Multiplication of the pilot channel and traffic channel symbols by
unique code sequences comprised of chips having duration much less
than the symbol duration spreads the spectrum of transmissions in
the system.
[0003] One example of a spread spectrum communication system is a
cellular radiotelephone system according to Telecommunications
Industry Association/Electronic Industry Association (TIA/EIA)
Interim Standard IS-95, "Mobile Station-Base Station Compatibility
Standard for Dual-Mode Wideband Spread Spectrum Cellular System"
(IS-95). Individual users in the system use the same frequency
spectrum but are distinguishable from each other through the use of
individual spreading codes. IS-95 is an example of a direct
sequence code division multiple access (DS-CDMA) communication
system. In a DS-CDMA system, transmissions are spread by a
pseudorandom noise (PN) code. Data is spread by a sequence of
chips, where the chip is the spread spectrum minimal-duration
keying element.
[0004] Other spread spectrum systems include radiotelephone and
data systems operating at various frequencies and utilizing various
spreading techniques. Among these additional systems are
third-generation spread spectrum communication systems (3G) and
wideband code division multiple access systems (W-CDMA).
[0005] Mobile stations for use in spread spectrum communications
systems have employed RAKE receivers. A RAKE receiver is a form of
a matched filter receiver that includes one or more receiver
fingers independently demodulating radio frequency (RF) signals.
Each finger both estimates the channel gain and phase using the
known pilot channel and demodulates the traffic channel component
of the RF signal to produce traffic symbol estimates.

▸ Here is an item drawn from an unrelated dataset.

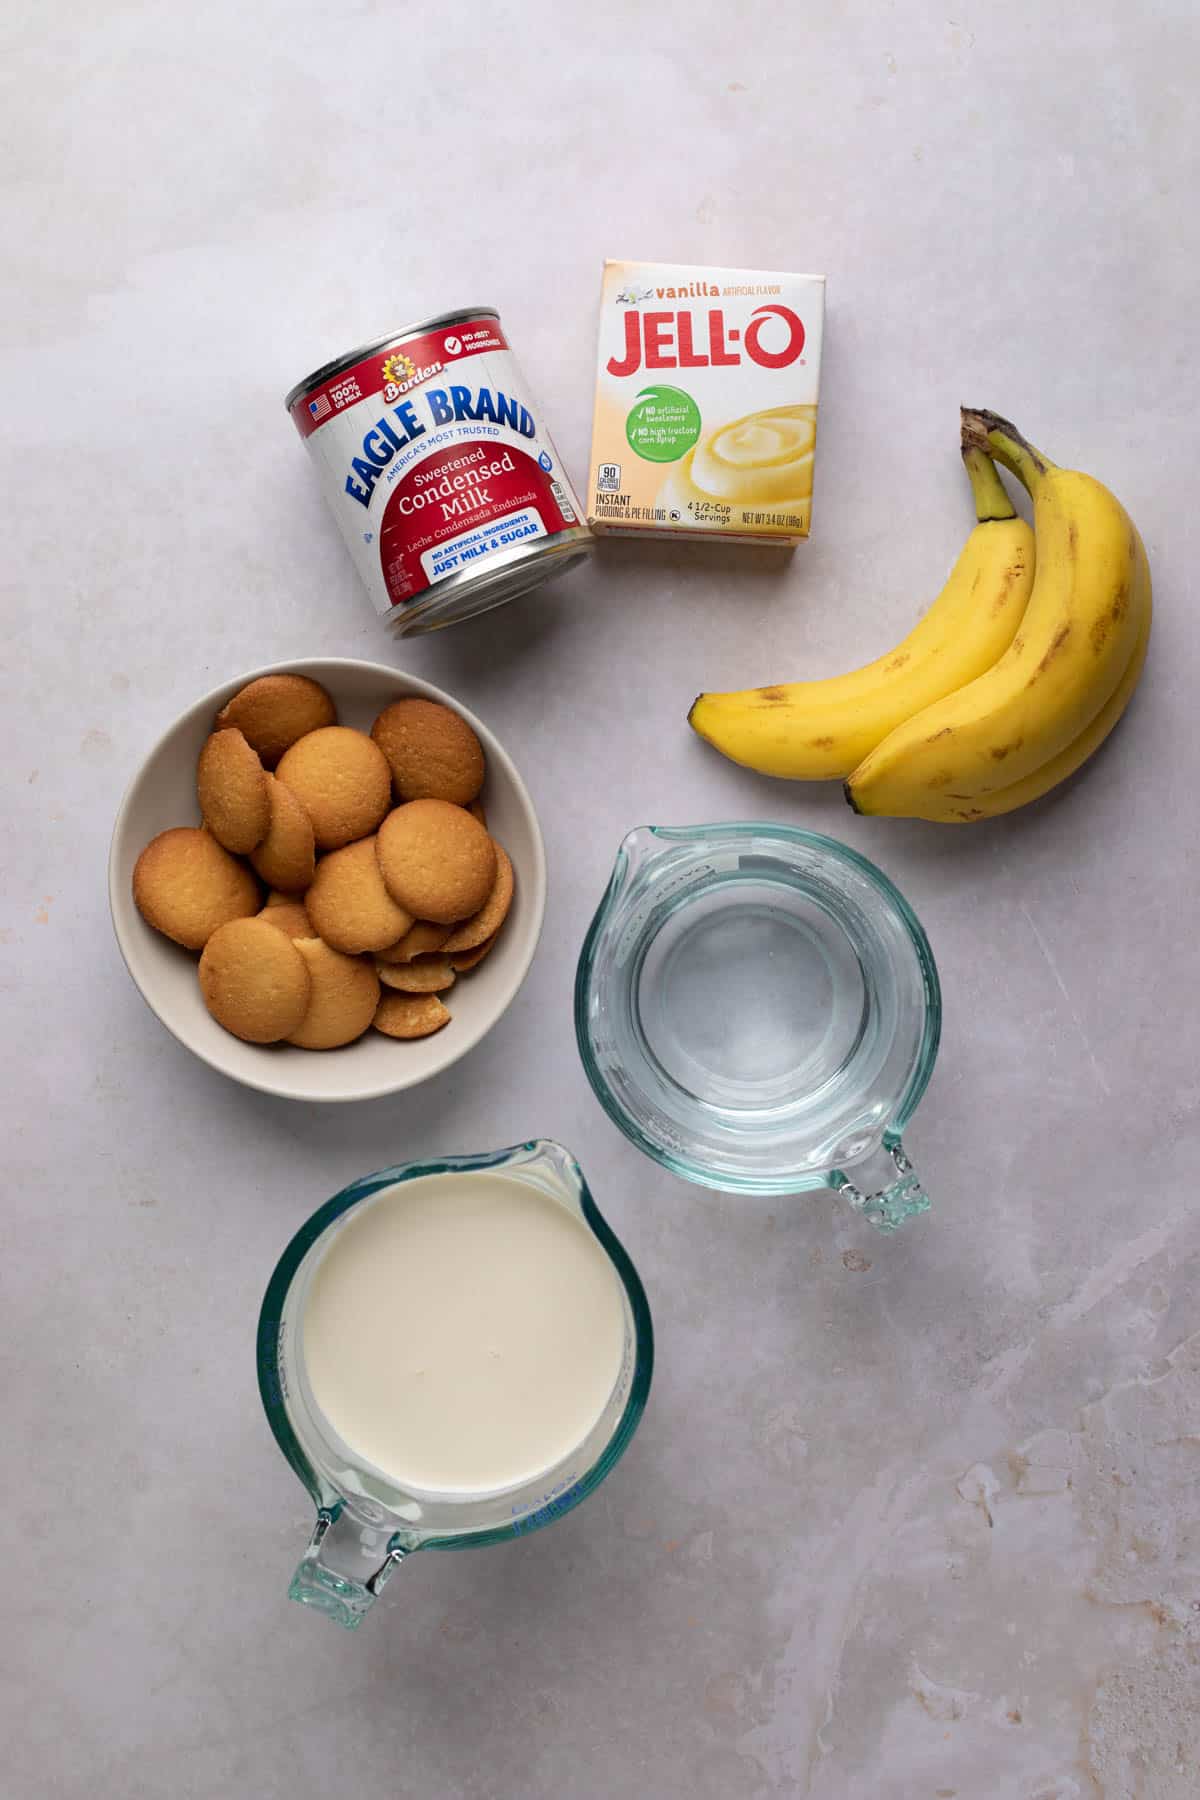 Ingredients for banana pudding in a jar on a flat surface.

The traffic
symbol estimates from the receiver fingers are multiplied by the
complex conjugate of the channel estimates of the corresponding
fingers and summed to produce a combined symbol estimate. A RAKE
receiver combines multipath rays and thereby exploits channel
diversity. Generally, the RAKE receiver fingers are assigned to the
strongest set of multipath rays.
[0006] A RAKE receiver requires a combiner to phase correct and sum
the symbol estimates produced by the fingers. The optimal combiner
produces a combined estimate, s(t), which has maximum
signal-to-interference-and-noi- se (STIR) over the set of all
linear combiners. Current combiner implementations are not optimal
in this sense.
[0007] Thus, there is a need for a spread spectrum RAKE receiver
with optimal linear combining that provides maximum SINR.
BRIEF DESCRIPTION OF THE DRAWINGS
[0008] This disclosure will describe several embodiments to
illustrate its broad teachings. Reference is also made to the
attached drawings.
[0009] FIG. 1 is a block diagram of a communication system.
[0010] FIG. 2 is a block diagram of a receiver.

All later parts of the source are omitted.